I like to pretend that I don’t know what Alexander Tucker looks like and imagine I am hearing his voice through a radio that has somehow tuned in a frequency between bandwidths, capturing the sound from out in the aether. Partly it’s because because his music, in its various permutations, reminds me of my favorite moments of the late 1970s and early 1980s, playing Dungeons & Dragons, reading Heavy Metal and Epic Illustrated, and secretly believing that magic was real, that my Avon edition of The Necronomicon was actually a lost and terrible grimoire of barbarous names.
The other reason is that while Tucker often likes to evoke a sword and sorcery sensibility, there is an authentic mystery to his music that suggests he is channelling spirits from the astral planes. Once I remember he’s just a long-haired – albeit extremely talented and prolific – dude who likely enjoys a bit of the entheogen now and again, the spell wears off. Almost. The thing about Tucker is how perfectly he can seem both this-and-other worldly, a dedicated hard-working musician and a spectral voice from the phantasmagorical.
Tucker is involved in two major collaborations this year, the first was the highly lauded Grumbling Fur album Glynnaestra with Daniel O’Sullivan.
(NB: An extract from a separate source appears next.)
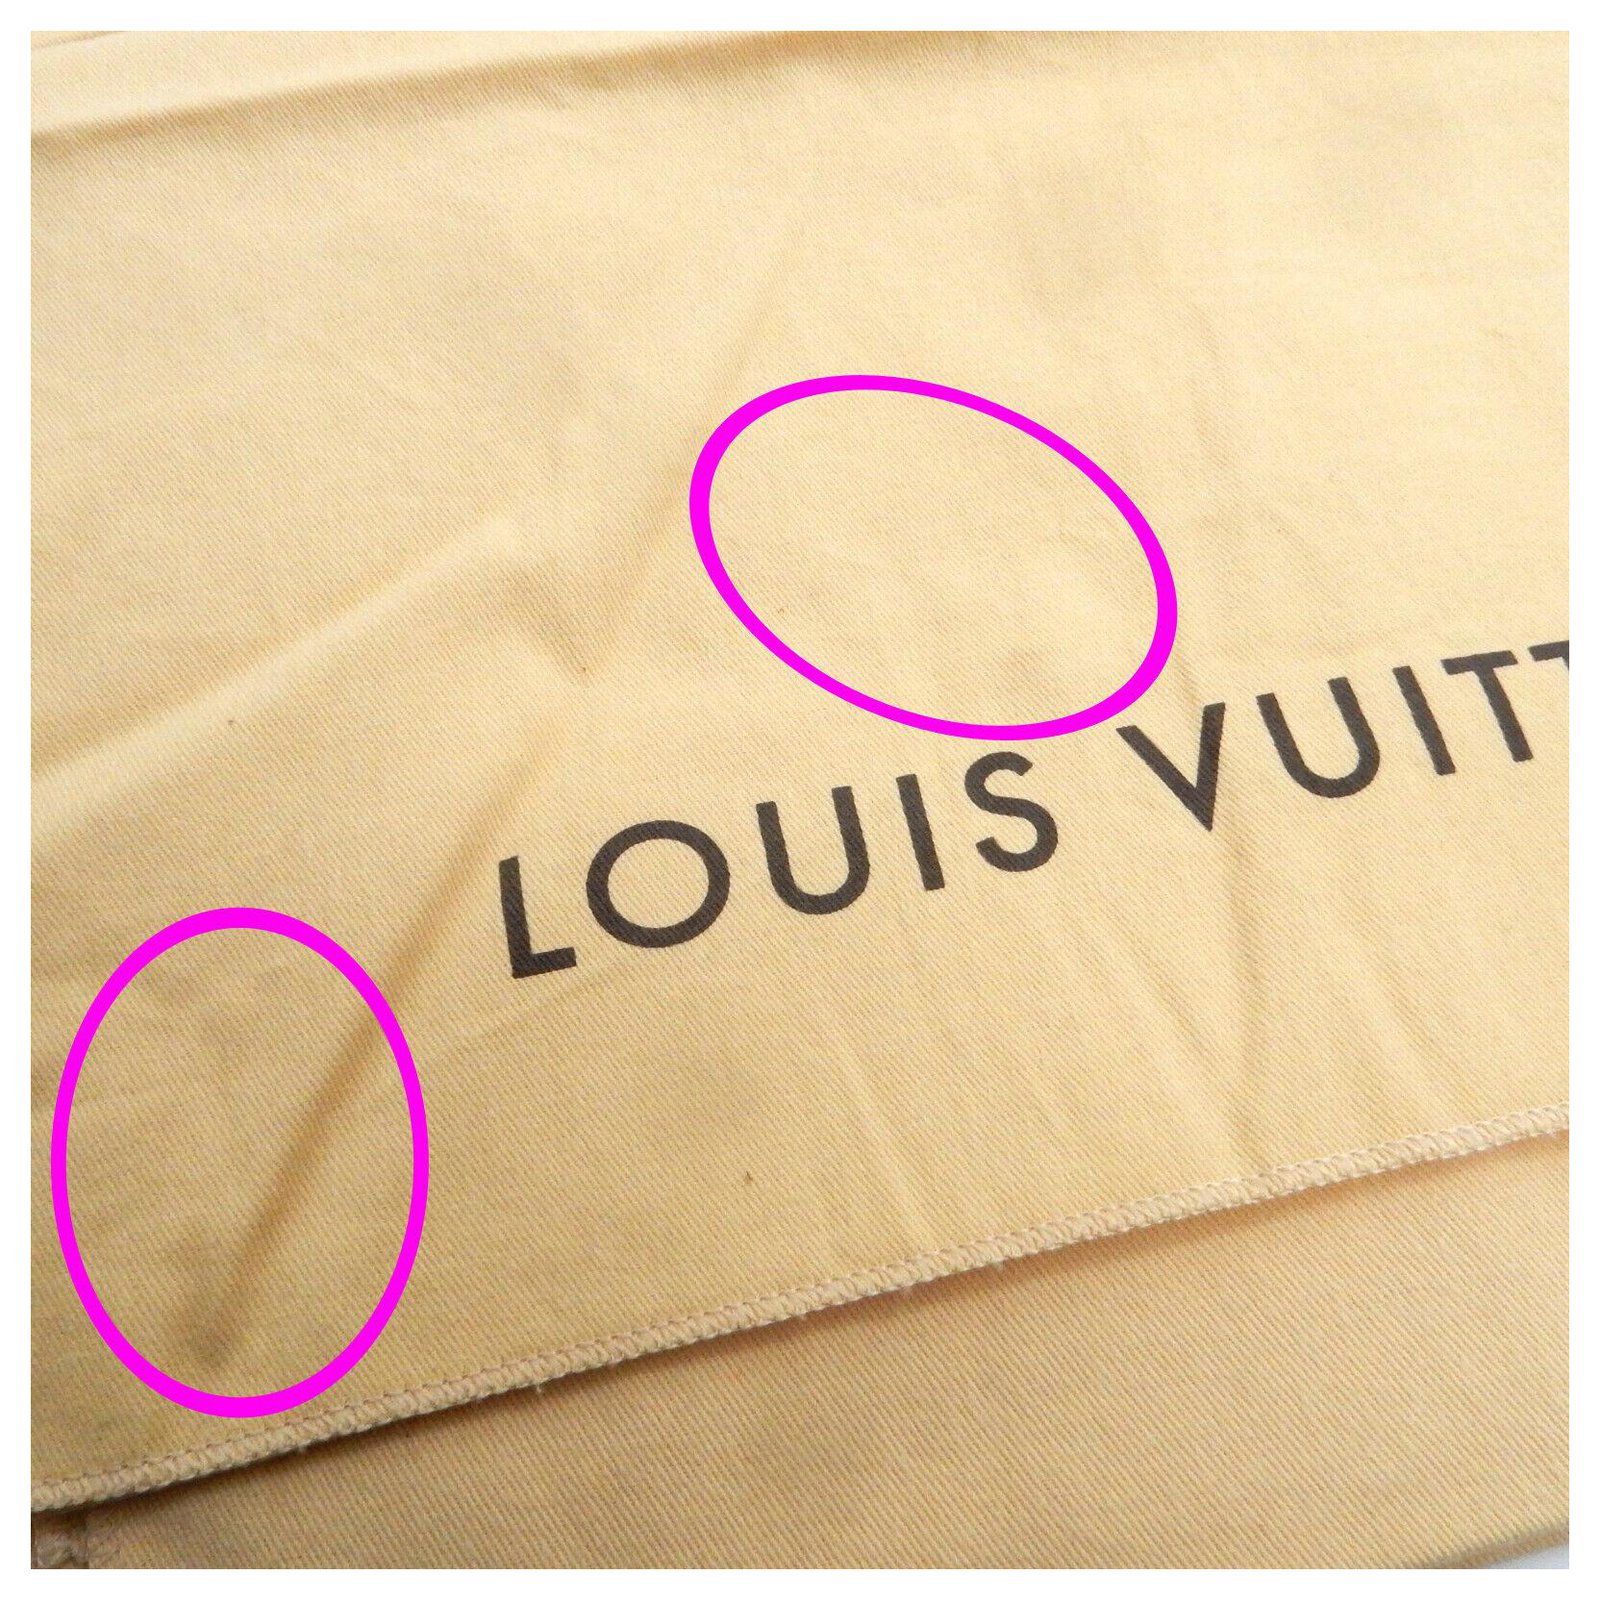 Louis Vuitton Dust Cover Bag 413364/O see description

While elegantly produced and a refreshing example of experimental pop, the effort left me a bit cold (with apologies to the editors who just named this the #1 album of the year). But now that I have heard Tucker’s most recent work with Daniel Beban, Imbogodom’s Metafather, the rest of this beautiful New England autumn has a soundtrack. And I am again ready to banish Tucker’s hirsute visage from my mind and let in the daemons of whatever portal he and Beban are trying to open.
One part tape manipulation and one part avant-pop, Metafather is an attempt at musical psychogeography, a walk through an imaginary city where the now lost inhabitants were all sound engineers. As it turns out, the album is a product of Tucker and Began excavating the abandoned BBC World Service center known as Bush House. But this is not merely a stitching together of samples. The duo use the material as a means of invocation, setting down the pieces like a Gysian cut-up and then layering over their own original music. What appears is the spirit of a time and place that can’t be quite pinned down.
The opener, ‘Imbosoundsystem’, is an extended broadcaster ident. It’s a droning piece with slight rhythmic chatter that announces what channel you have tuned into. ‘Soaked into Walls’ is classic Tucker, that familiar Eno-esque quality guided by a piano and delicate tape bits. The disturbing ‘Living Creatures’ is the kind of thing you wished you had actually been able to tune into when you were kid listening to shortwave radio. A conversation from another world, totally alien, but possibly relevant to your own life. Tucker takes control again on ‘Voices Of Lists,’ and is followed by ‘Marchpane’ another eerie inner/outer space experiment with the found material.
The rest of the album follows in this vein, broken and troubling soundscapes followed by Tucker’s arcane storytelling. This is not an epic album, and will likely not garner the same critical praise as Glynnaestra, but there is something decidedly authentic here that makes it a small masterpiece. It’s easy to smoosh weird sounds together and call it art, but there is a deliberate intention here to craft something that is both organic and synthetic, that pushes up against the boundaries of what is real and recognisable towards the numinous. And that is largely because of Tucker’s voice, a disarmingly beautiful instrument that makes me want to forget it is coming from a flesh and blood man.